We also found the Chat ‘n Chill conch bar was still there and
we ordered up 3 salads for a beach snack.
We watched them bring 3 conchs up from the beach, open and clean them
and then chop them up (raw) finely with fresh onions, peppers, tomatoes and
they drowned it all in lime and orange juice.
I even had them add a little diced habanero hot pepper to mine for some
extra zip!
Man, was that good. Emily enjoyed petting the tame sting rays
that were also enjoying the conch discards.
From Georgetown we moved northwest to Rudder Cut Cay where
we took shelter from the wind that would clock from southeast to west to north
within 24 to 36 hours before returning to the normal easterly direction. This happened each time a cold front went
through which was happening about every 5 days.
We had to plan our moves to enjoy the south wind while moving north but
find good shelter from the clocking winds after arrival. Because of the limited anchorages giving
shelter from the west winds and the sheer number of cruising boats, it was a
challenge to find room.
We saw 3 good sized boats driven hard aground on reefs. This fellow tried to anchor near me but was convinced (by me) that there was not enough room and anchored elsewhere. The next morning, he was hard on a reef and was pulled off by the blue salvage vessel.
We saw 3 good sized boats driven hard aground on reefs. This fellow tried to anchor near me but was convinced (by me) that there was not enough room and anchored elsewhere. The next morning, he was hard on a reef and was pulled off by the blue salvage vessel.
The water was clear at Rudder Cut Cay. Kim and Emily Snorkeled each day collecting
shells. We saw an underwater statue here
too before moving north to Big Majors & Staniel Cay. Check out the eyes on the milk conch in the photo below.

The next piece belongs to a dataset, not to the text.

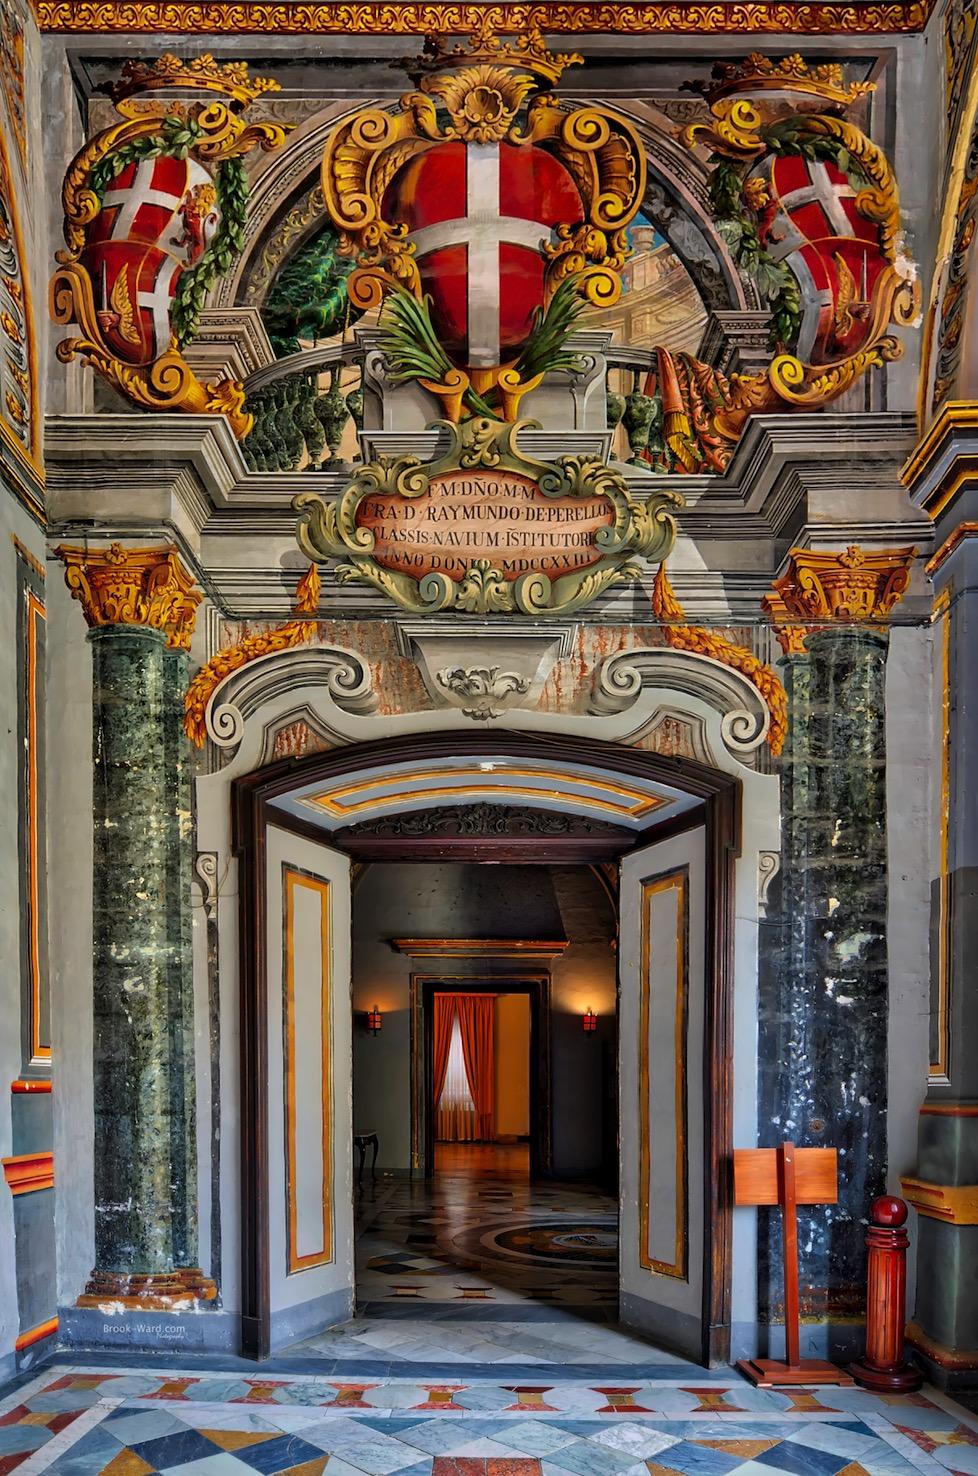 Palace of the Grandmaster

We enjoyed feeding the swimming pigs again and snorkeling
Thunderball Cave. The nurse sharks are
still hanging around the dingy dock at the yacht club waiting for handouts.
Warderick Wells was our next stop but was a disappointment
because we were looking forward to feeding the sugar birds (bannaquits). During our 2009 stop, the rangers handed out
sugar and Emily had swarms of the birds on her tiny hands. Environmental Nazis have now stopped handing
out sugar and they discourage feeding them.

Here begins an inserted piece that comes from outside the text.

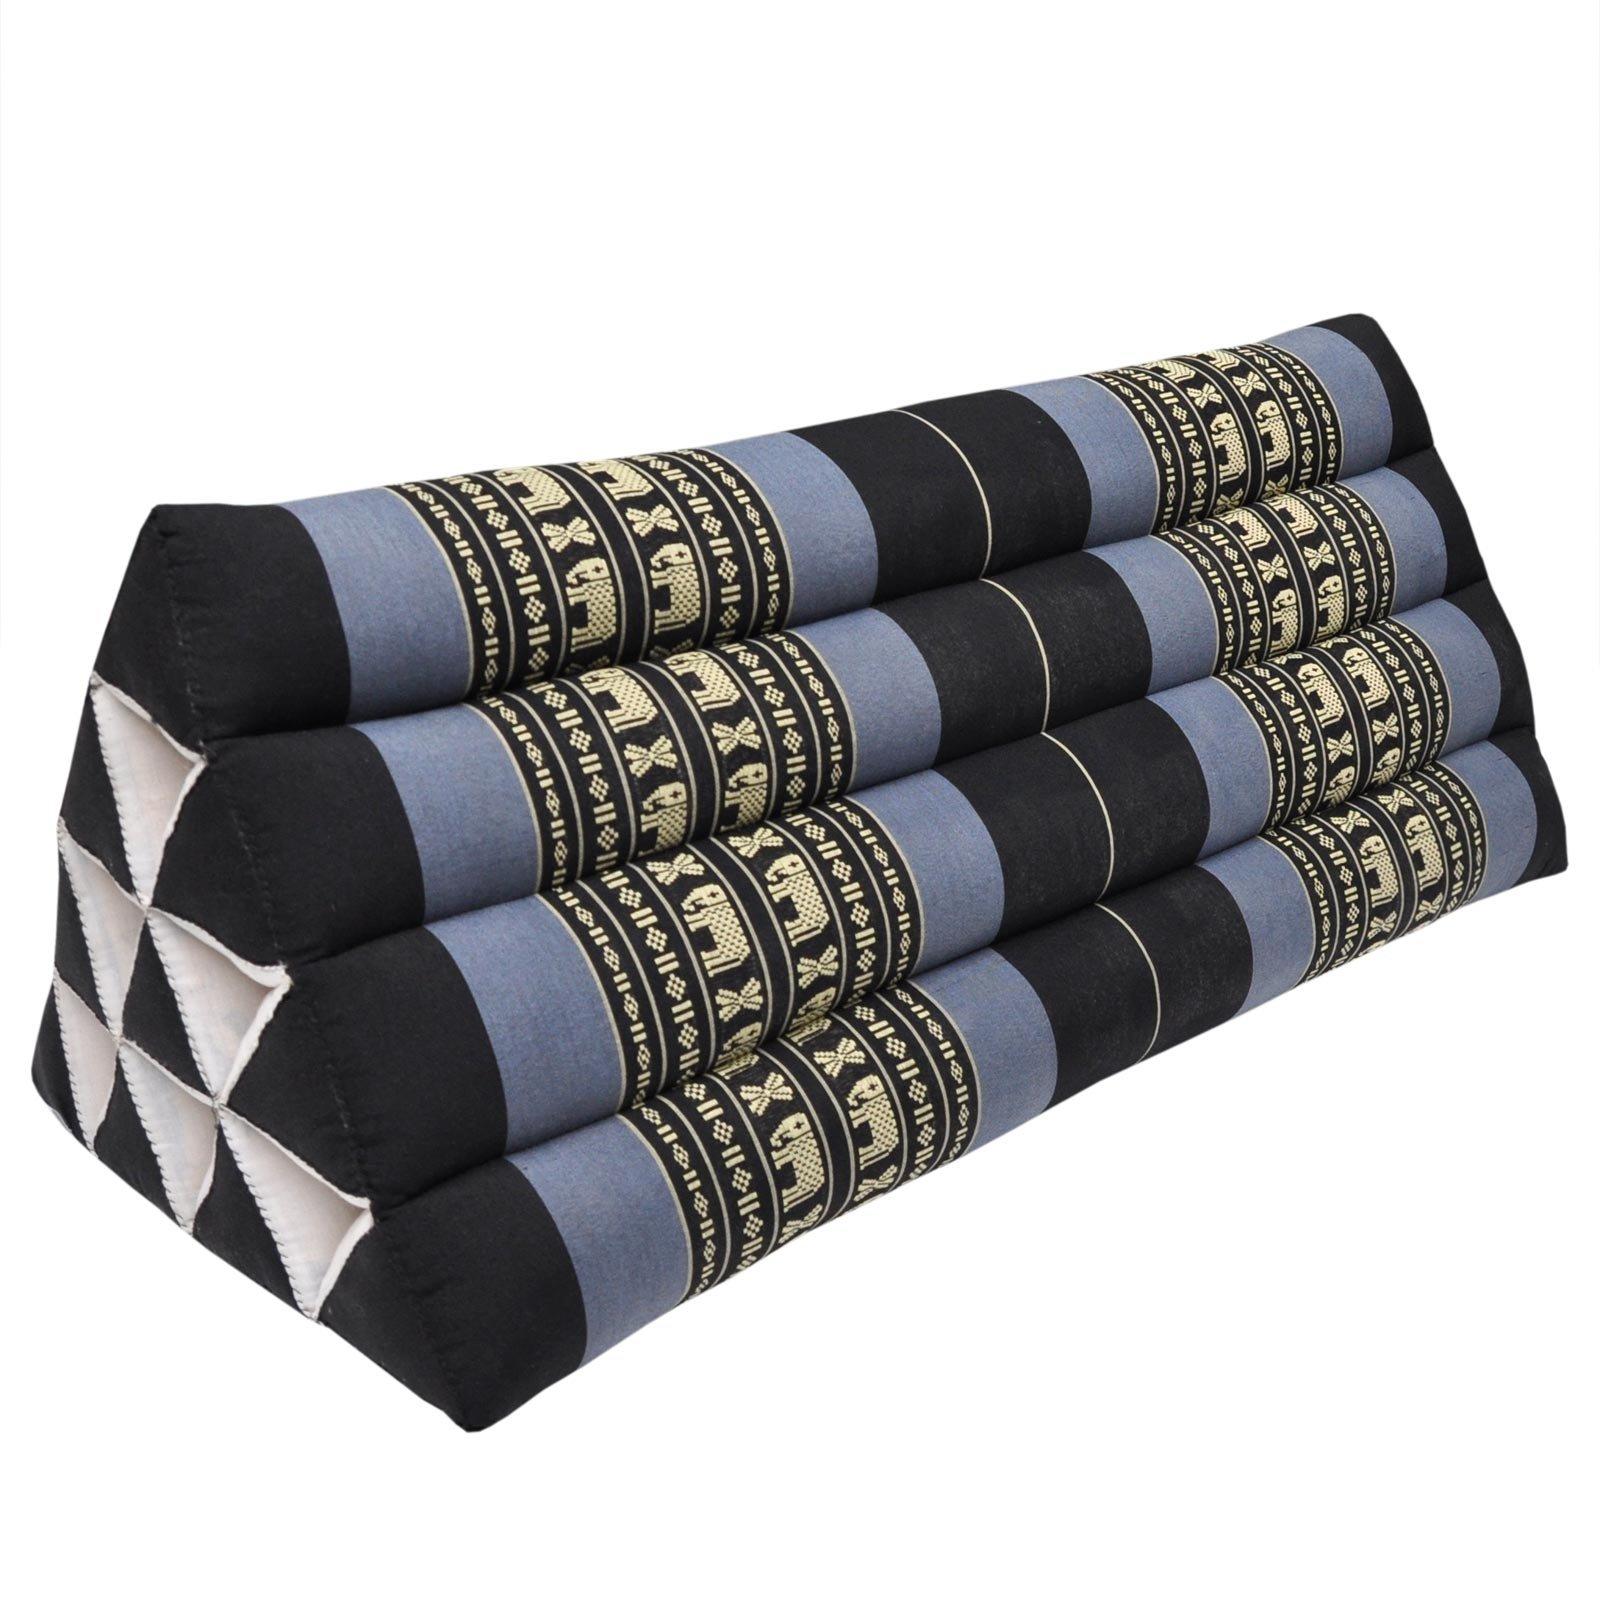 Thai triangular cushion XXL, relaxation, beach, kapok, made in Thailand Black/Violet (81315) by Wilai GmbH

We ignored their idiocy, took out our own sugar and found at least one
bird that remembered the good old days with us.
Tom and Emily hiked up towards Boo Boo Hill and Tom slipped on some
loose rocks and found a different type of Boo Boo. Despite a bloody knee we enjoyed the views.
After Wardrick Wells, we stopped at Shroud Cay. This island was new to us and we enjoyed
taking the dingy through the winding mangrove streams all the way to the
eastern side and a powder white beach.
Our last stop in the Exumas was Allen’s Cay. Although crowded in the main anchorage, we
found just enough room to set our hook in southwest Allan’s Cay. We were all alone with our private white
sandy beach. We were a bit anxious as the winds rose to 25 knots and started
clocking around. At two points in this
process the stern of Emily Grace was only about 30 feet off the jagged coral
coast. The anchor was dug in hard however
and held well. This was not the first
time we were thankful for our oversized 120 lb Spade anchor!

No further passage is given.